Just curious, but when you guys save and wash yeast do you know how many cells you have as you go ? Do you send in samples to get an accurate count ? I've never been interested in yeast collecting but its starting to peak my interest.
 
Just curious, but when you guys save and wash yeast do you know how many cells you have as you go ? Do you send in samples to get an accurate count ? I've never been interested in yeast collecting but its starting to peak my interest.
I doubt anyone would ever do that, since the idea of washing yeast is primarily to save money. I think they make tools that you can measure cell count with though.
 
Just curious, but when you guys save and wash yeast do you know how many cells you have as you go ?
After properly rinsing* yeast and looking that white and clean, estimate around 2.4 billion cells per ml of settled slurry (per Mr.Malty/Jamil Zainasheff). It could be somewhat higher or lower, depending on how much non-yeast material it contains.
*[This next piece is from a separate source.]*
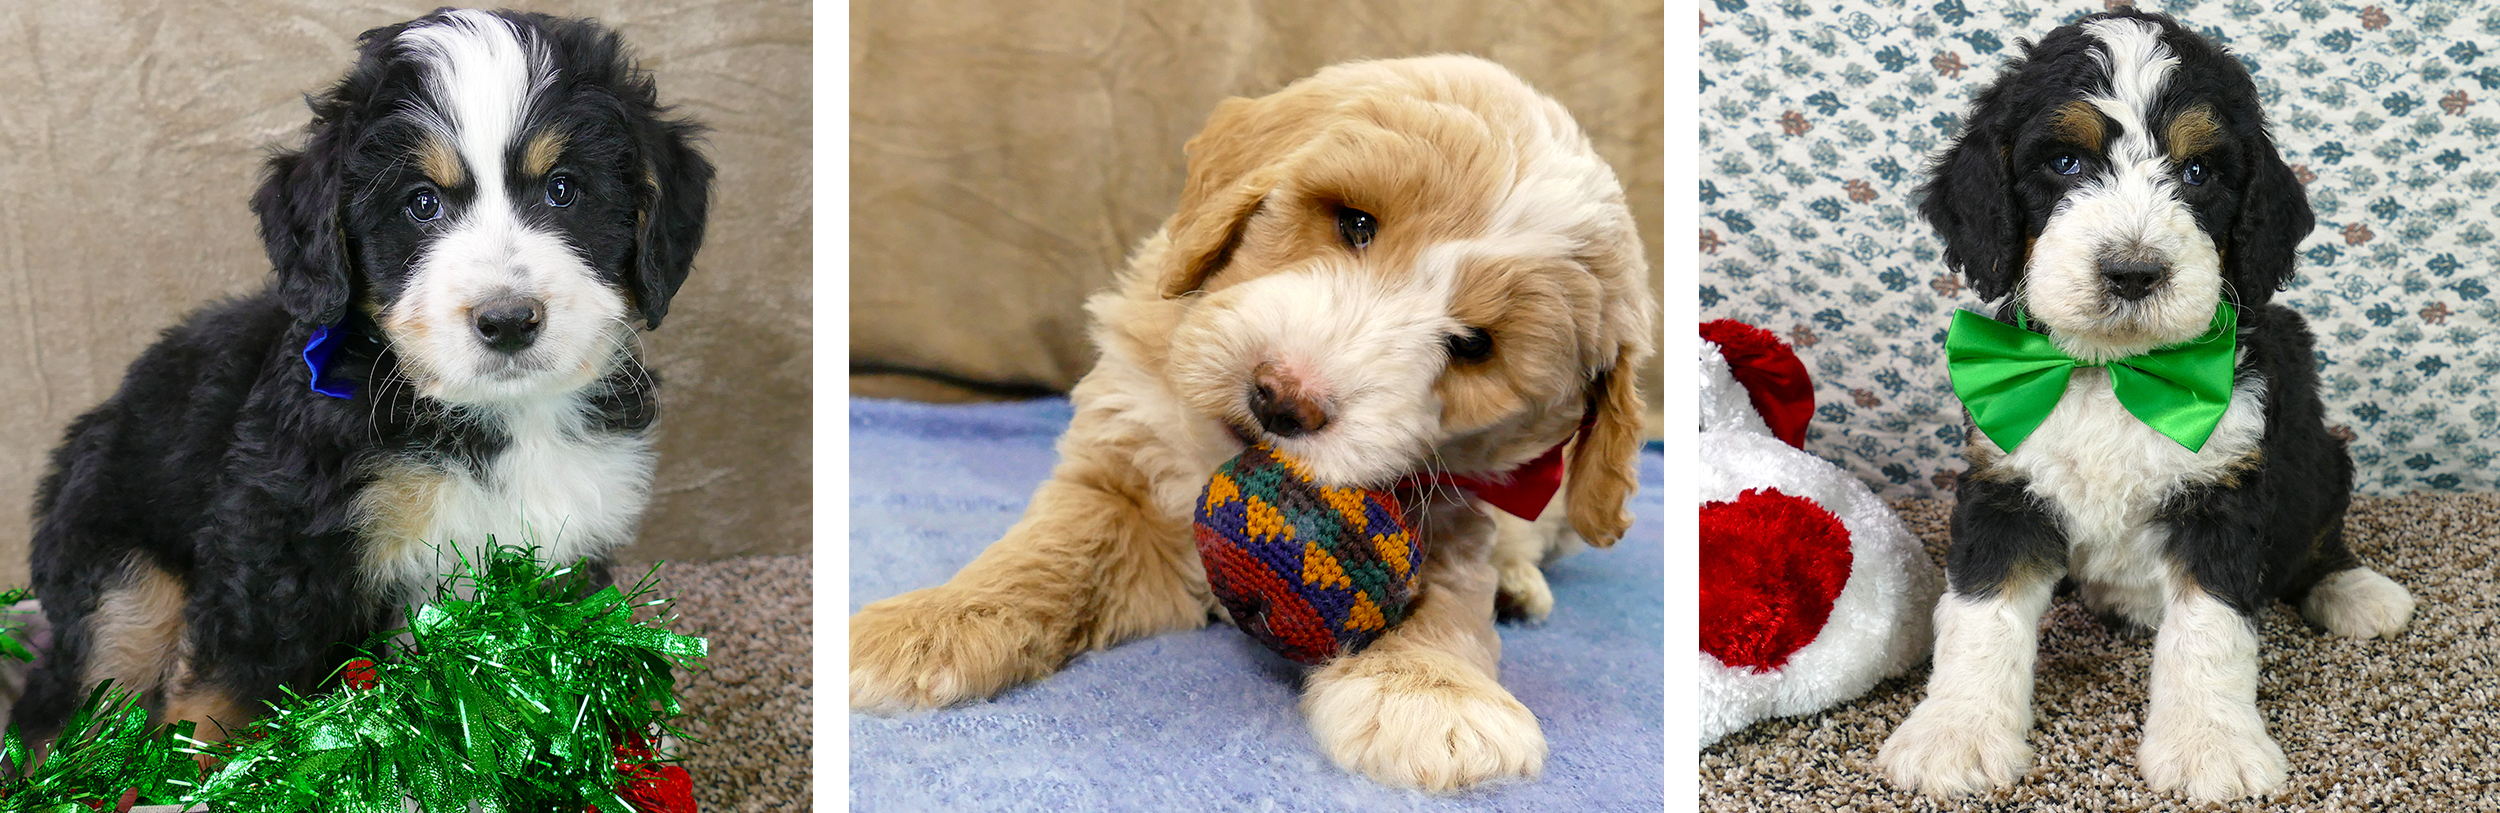 Three adorable puppies - two tri-color Bernedoodles and a Goldendoodle

So for that ~2.5" (=6.25 cm) diameter jar, the settled slurry has an (estimated) volume (V) of:
V = π * r^2 * h = 3.14 * (3.13)^2 * .5 ml = ~15 ml​
15ml * 2.4 billion cells/ml = 36 billion cells.

I'd put that into a yeast calc for age and starter build up.
BrewUnited's Yeast Calculator

* Yeast "washing" is a whole different method, involving Chlorine Dioxide.

I plan on making a 1.040 starter 24 hours ahead of time
Depending on how old the slurry is, I'd probably give it a couple days longer for some extra growth. When it's done, it should get thick and creamy looking.